James’s story reminded me of an incident I had about a couple of years ago and how misunderstandings are so easy. A friend from Africa invited me for lunch. Now I have learnt that if you are invited for lunch by someone from Africa, this might mean that someone has taken the trouble to cook all day, grind beans, stew for hours and you are going to get something delicious. I told my lovely friend that I would be there between 11 and 11.30 and much to my surprise, she was really cross. I eventually realised that she thought I would arrive at 11.00, scoff (eat) her food and go half an hour later. I would have been really cross myself if anyone had done that to me. When I realised, I explained that it meant that that was the time I would arrive and I definitely would stay for lunch and the end of the story was that the lunch was great.
Anyone got any examples like this?
There was a time when to me the expression “to lead someone up the garden path” meant precisely that: being taken by someone who had a house with a garden in front of it and had no other way of letting me in except by walking up the path leading to the front door.
It seemed to me a perfectly normal access to a house following an invitation. It made perfect sense when I first arrived in Britain. Unlike my country of origin, Italy, London had plenty of houses with gardens at the front. While most of these paths looked pretty messy with their assortment of neglected vases and pots and worse still, plastic gnomes, the grander ones even went as far as showing mini imitation of Versailles with arboreal inventions kept in good shape by gardeners.
Indeed I became one during my first year in London in the late 1960s.

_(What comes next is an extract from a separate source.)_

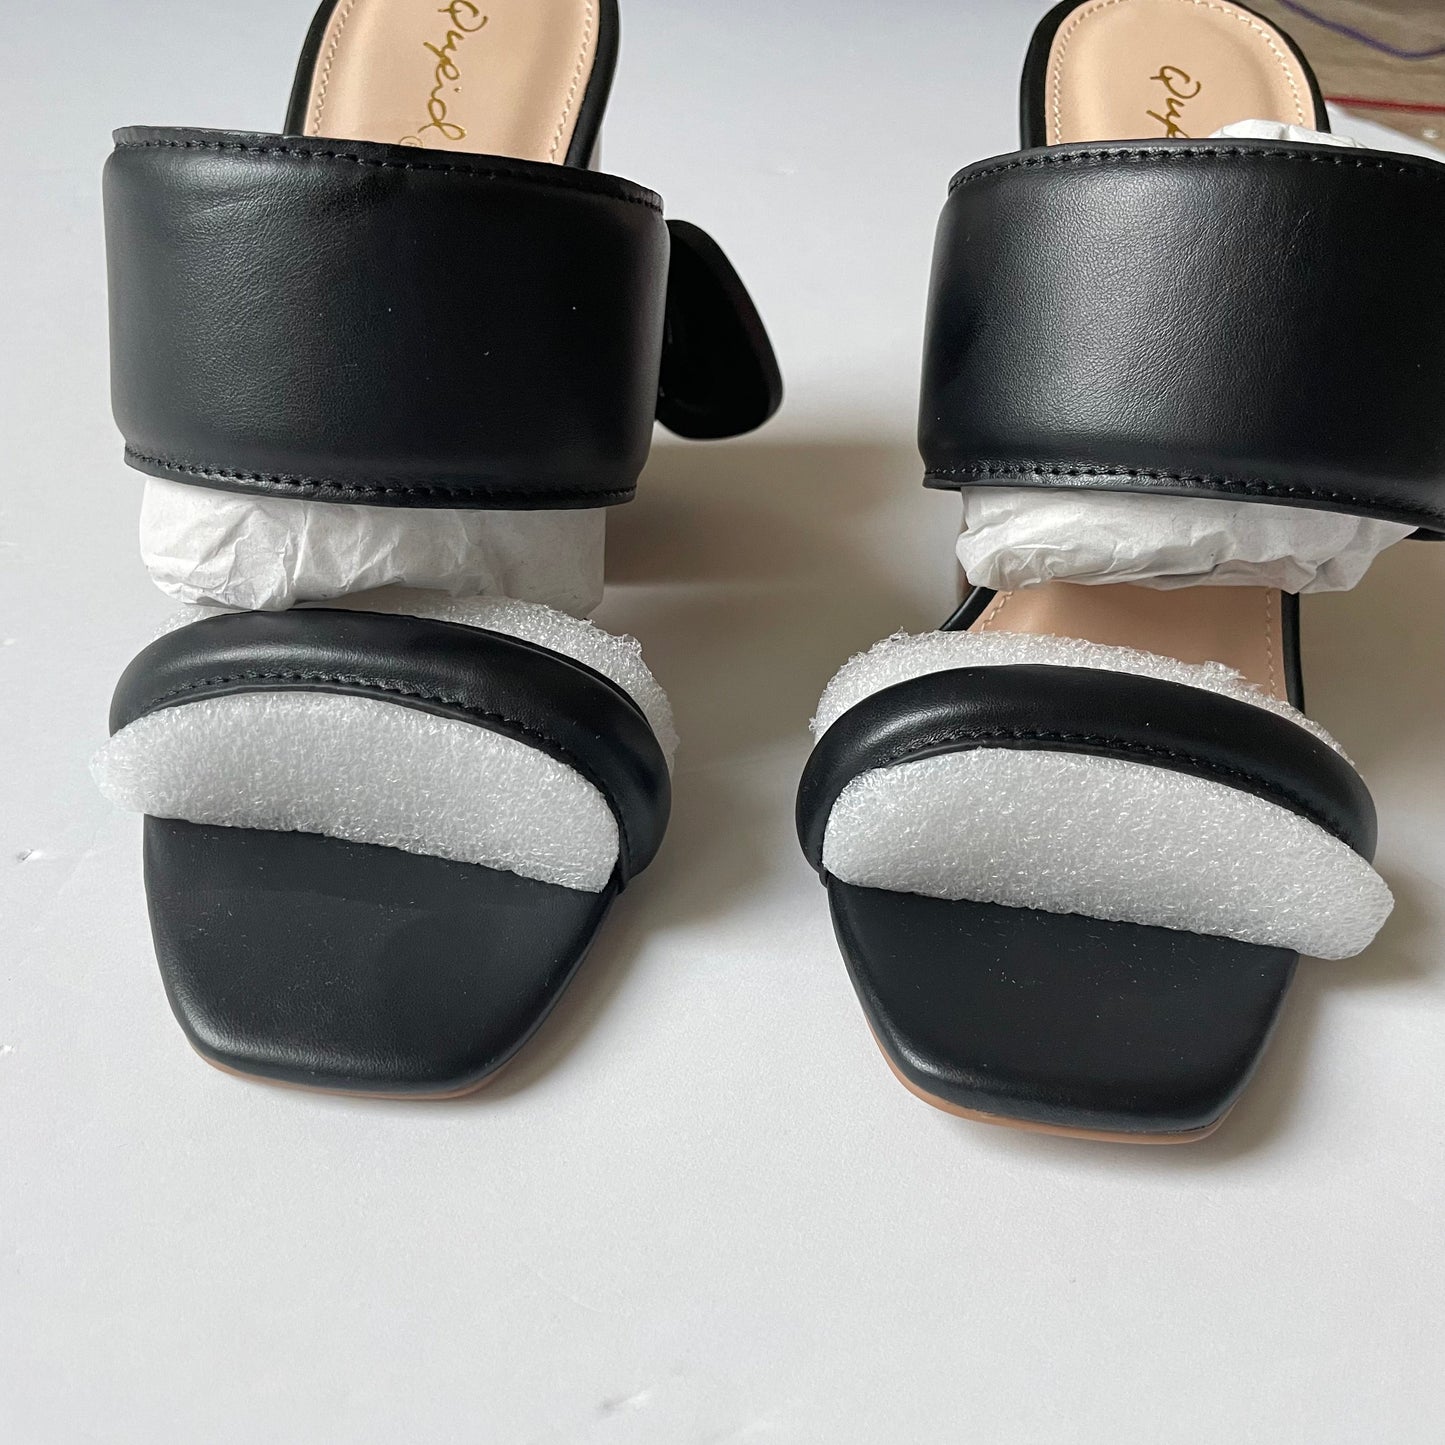 Black Shoes Heels Block Qupid, Size 10

I needed pocket money. My first source of employment at the Savoy Hotel training in Hotel Management wasn’t enough to pay for my studies at Walbrook College. So I became a gardener, once a week. The house belonged to a sweet lady full of insight into poetry I called Mrs Swithenbank who shared it, I believe, with the sister of Katharine Whitehorn who was a columnist at The Observer. I was doing my best with gardening and Mrs Swithenbank was immensely patient. There was a perfect example of a path leading up the front door. On encountering the expression “to lead someone up the garden path” I fell for the literal meaning.
Of course when I understood what the expression really meant I laughed. There is no exact equivalent in Italian. The nearest expression would be “una presa in giro”, meaning “being taken around”. But it’s so vague that cannot be pinned down to any exact location. Being taken up the garden path, on the contrary, is almost scientific in its precision and therefore fully credible. So credible in fact that at first I took it for granted, expecting to walk up a path lined with plants, tortuous maybe, but well kept, leading up to the front door and then welcomed perhaps with a nice cup of tea. Of course the expression means “to mislead”, lead on, or to deceive someone. And it certainly worked on me.